• DATASET EXTRACT
↓

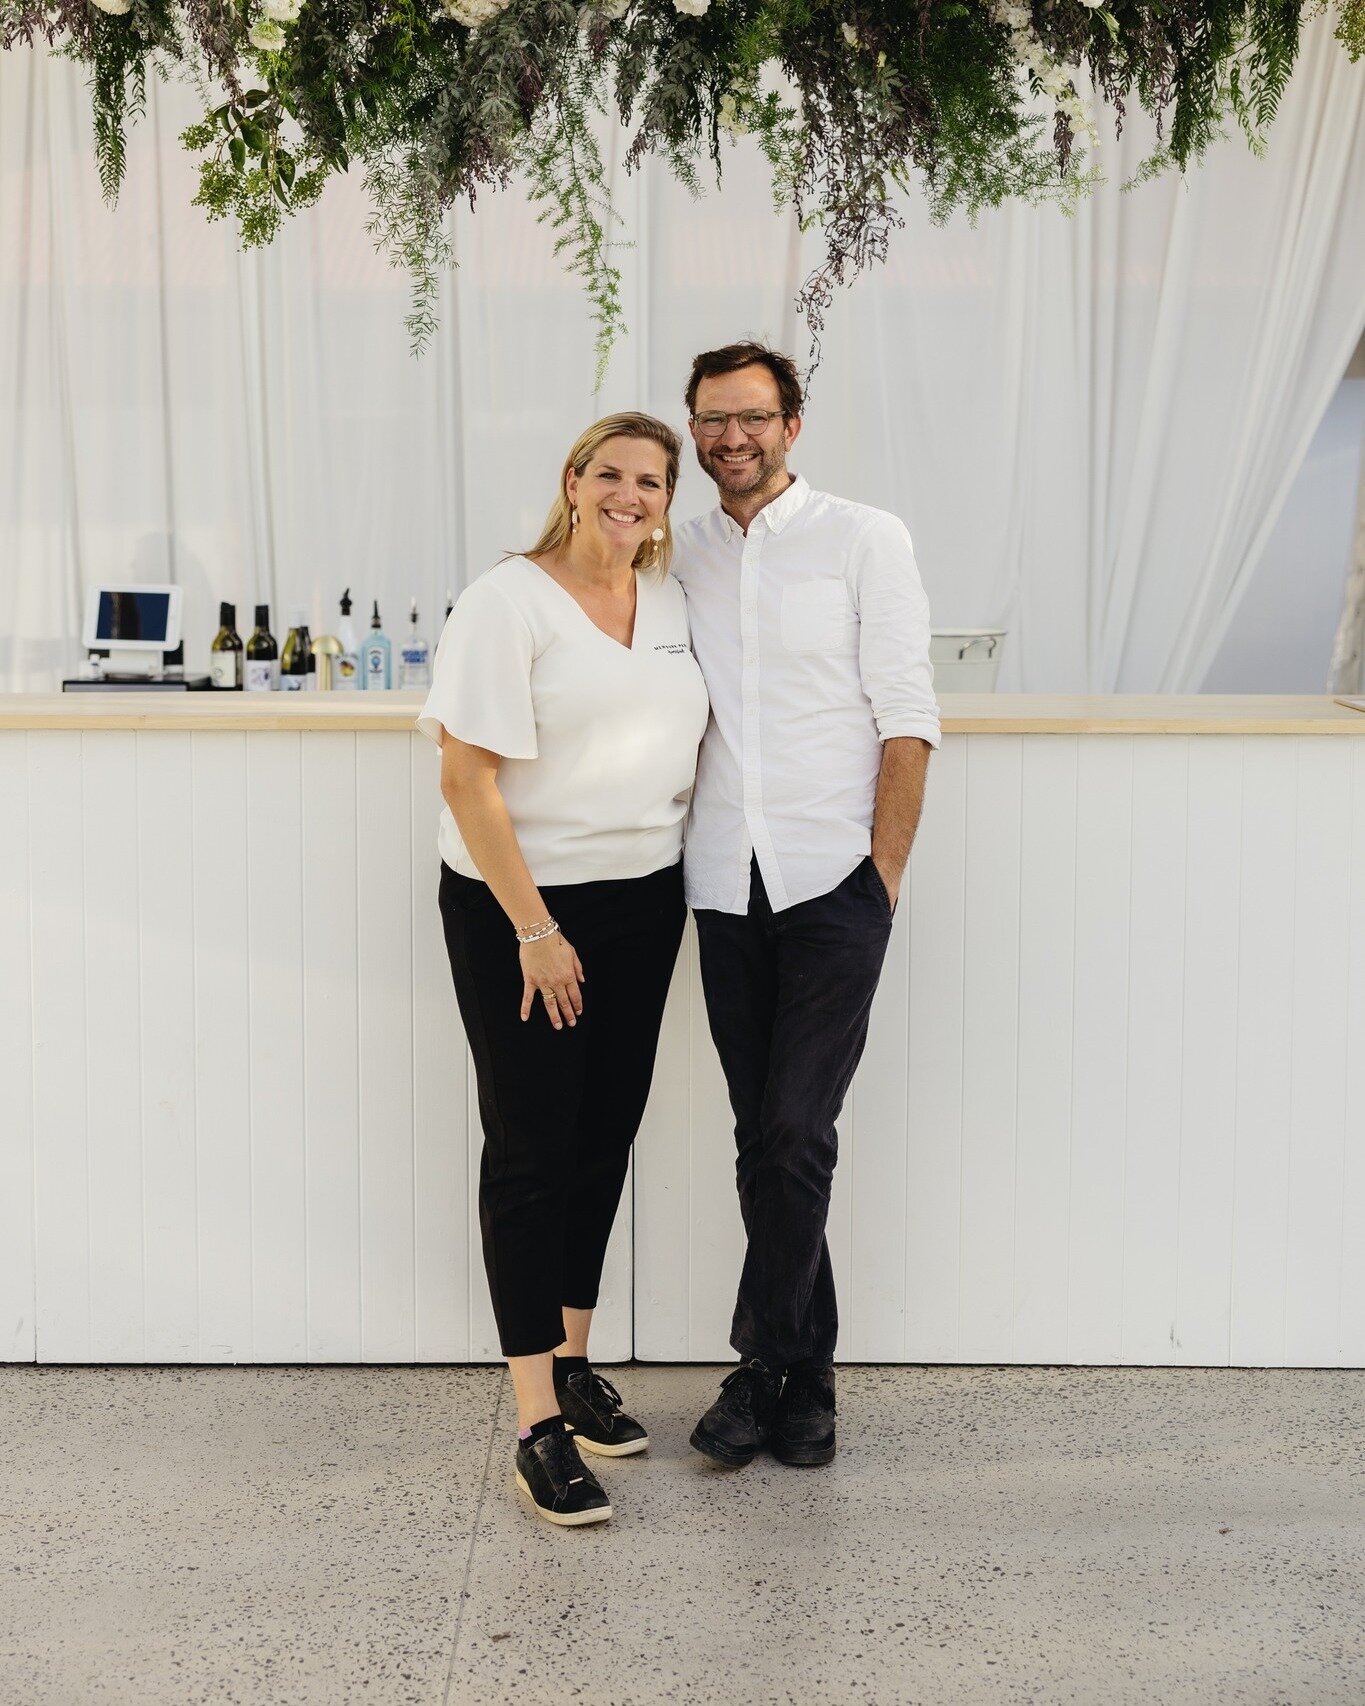 This is us (for all the new followers) -  we are Adam &amp; Julia, owners and operators of Mewburn Park wedding &amp; events. 

Fun fact, we actually fell in love dreaming about what we can do with this property. 💗 That was 15 years ago. A detour vi
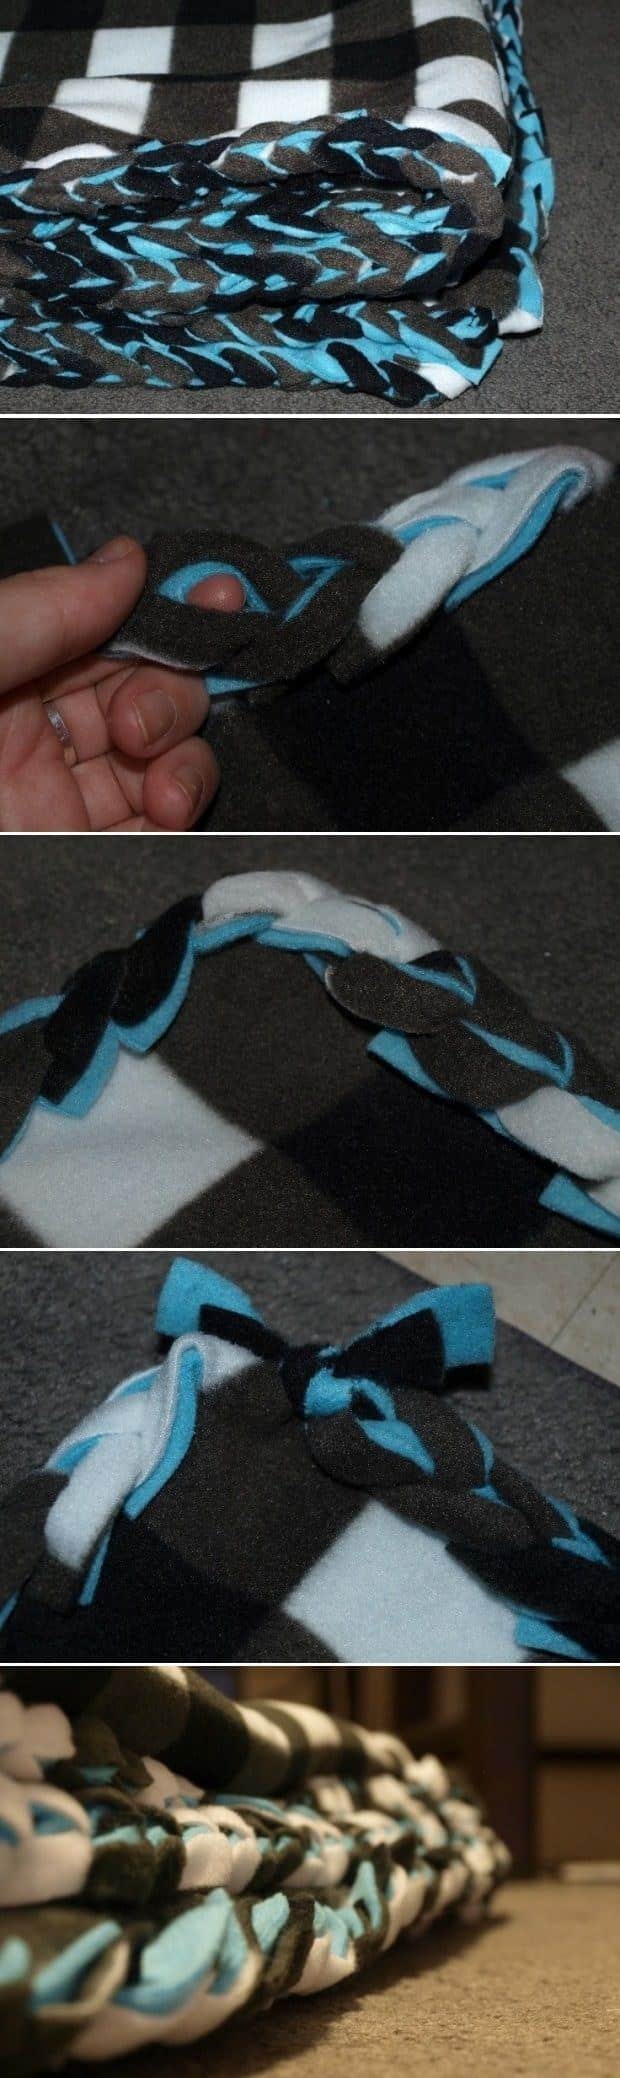 Braid the edges of a tie blanket instead of knotting them for a neater land less bulky look.

↑

• EXERCISE DETAILS
Everything from the line containing "Fun fact, we" to the final line of the listing above, both ends included, should be transcribed word for word, except for the pictures.

• YOUR RESPONSE
Fun fact, we actually fell in love dreaming about what we can do with this property. 💗 That was 15 years ago. A detour vi
 Braid the edges of a tie blanket instead of knotting them for a neater land less bulky look.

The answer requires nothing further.